__DATASET CONTENT__:
- Opening Delimiter -
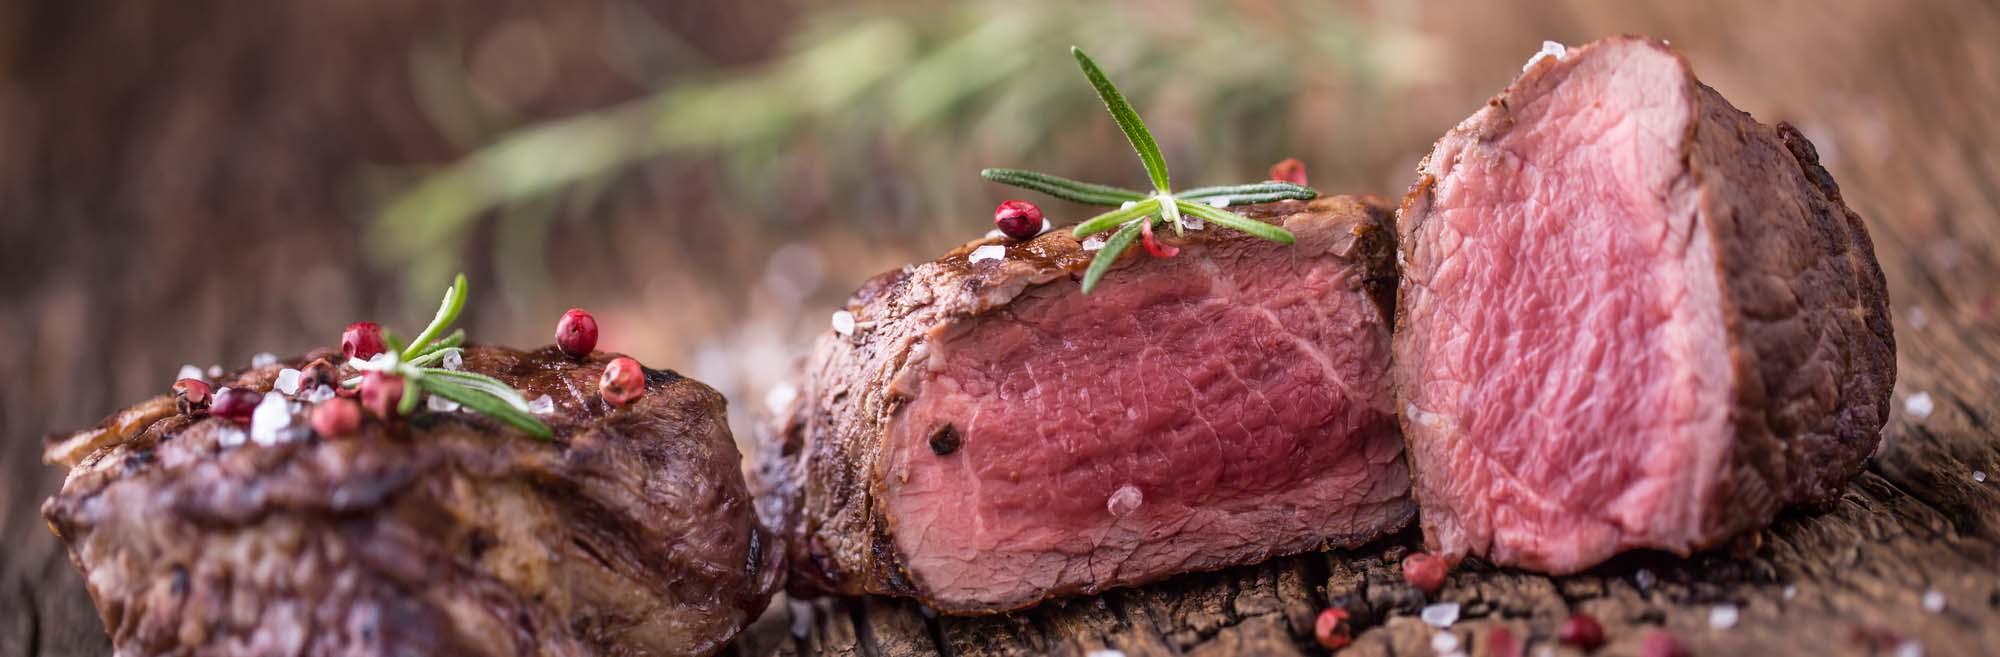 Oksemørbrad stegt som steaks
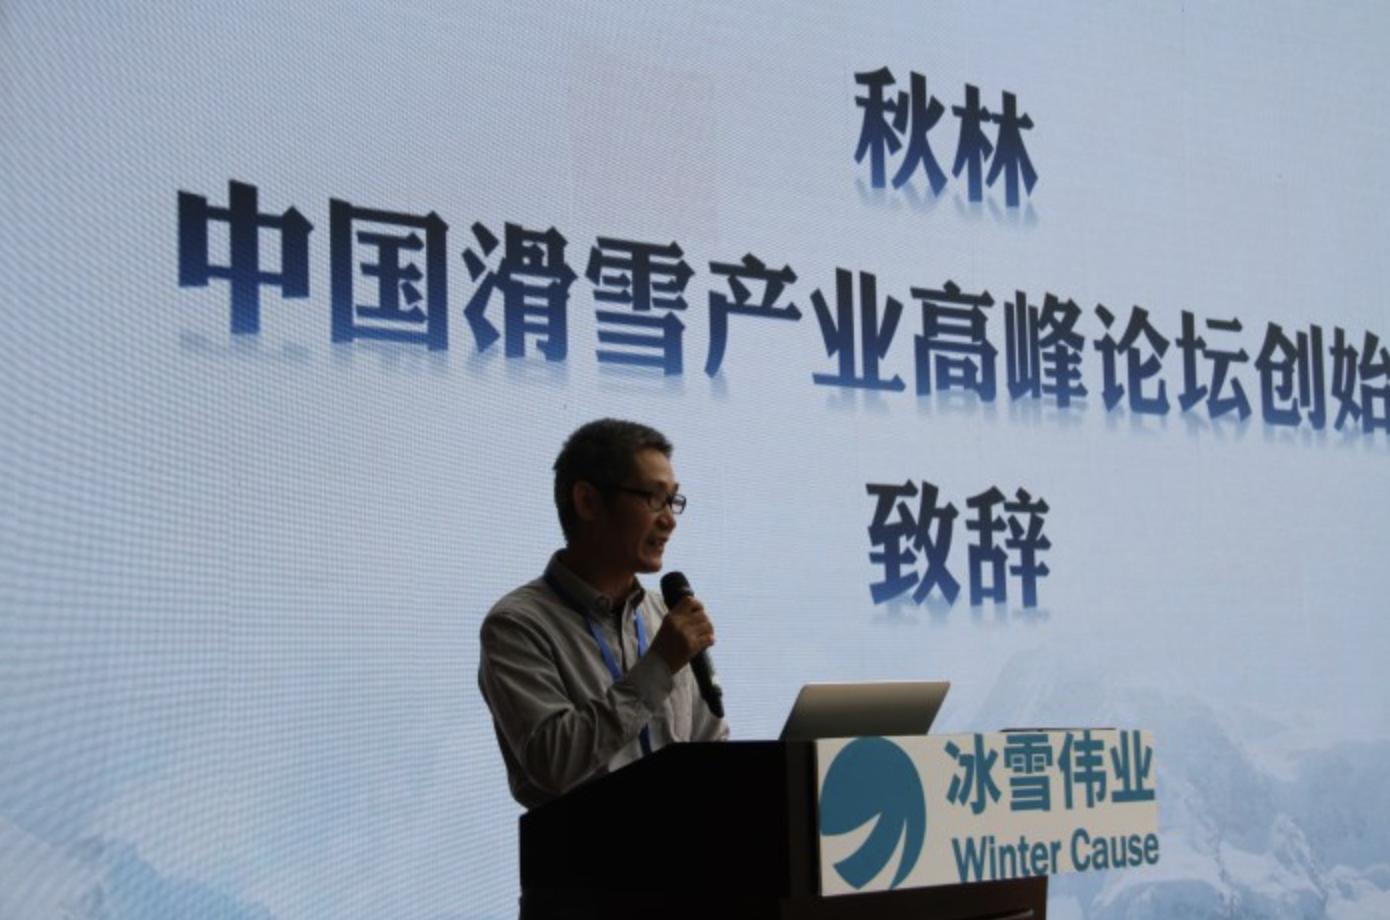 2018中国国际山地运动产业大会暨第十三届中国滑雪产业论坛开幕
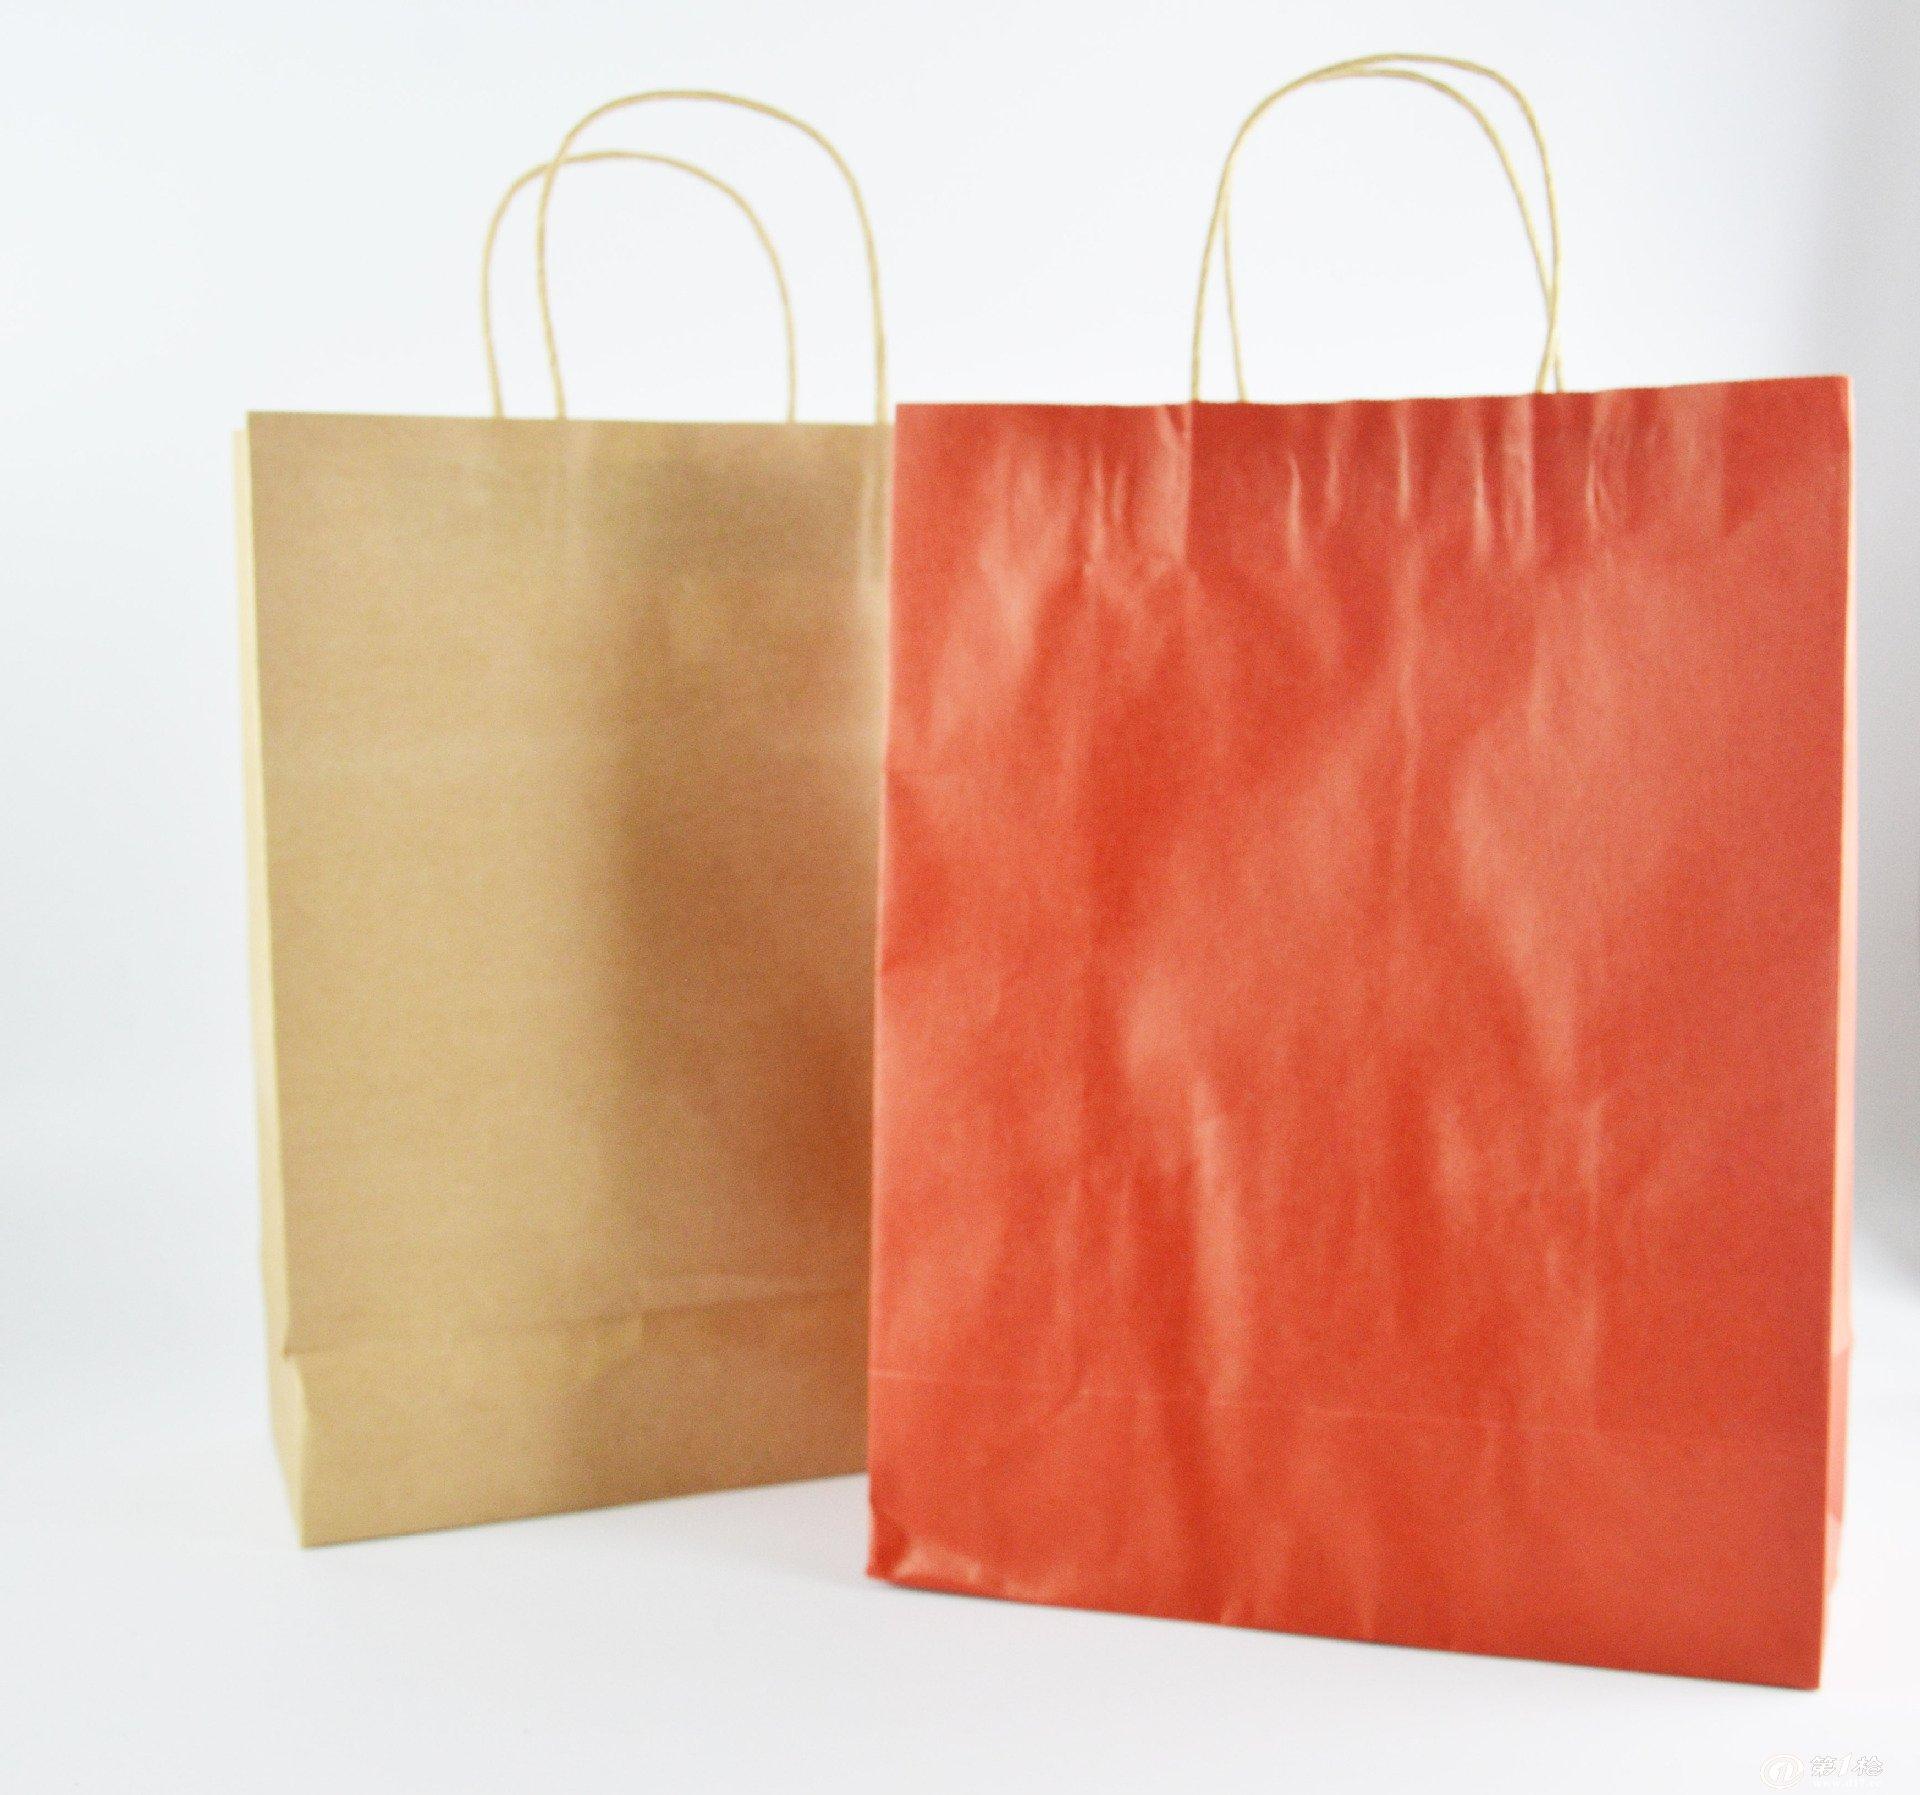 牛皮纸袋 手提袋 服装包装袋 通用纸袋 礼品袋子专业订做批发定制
- Closing Delimiter -
__WHAT IS EXPECTED__: Each line from the line containing "2018中国国际山地运动产业大会暨第十三届中国滑雪产业论坛开幕" through the last line above must be written out exactly, and every picture must be omitted.

__ANSWER FOR THE TASK__:
 2018中国国际山地运动产业大会暨第十三届中国滑雪产业论坛开幕
 牛皮纸袋 手提袋 服装包装袋 通用纸袋 礼品袋子专业订做批发定制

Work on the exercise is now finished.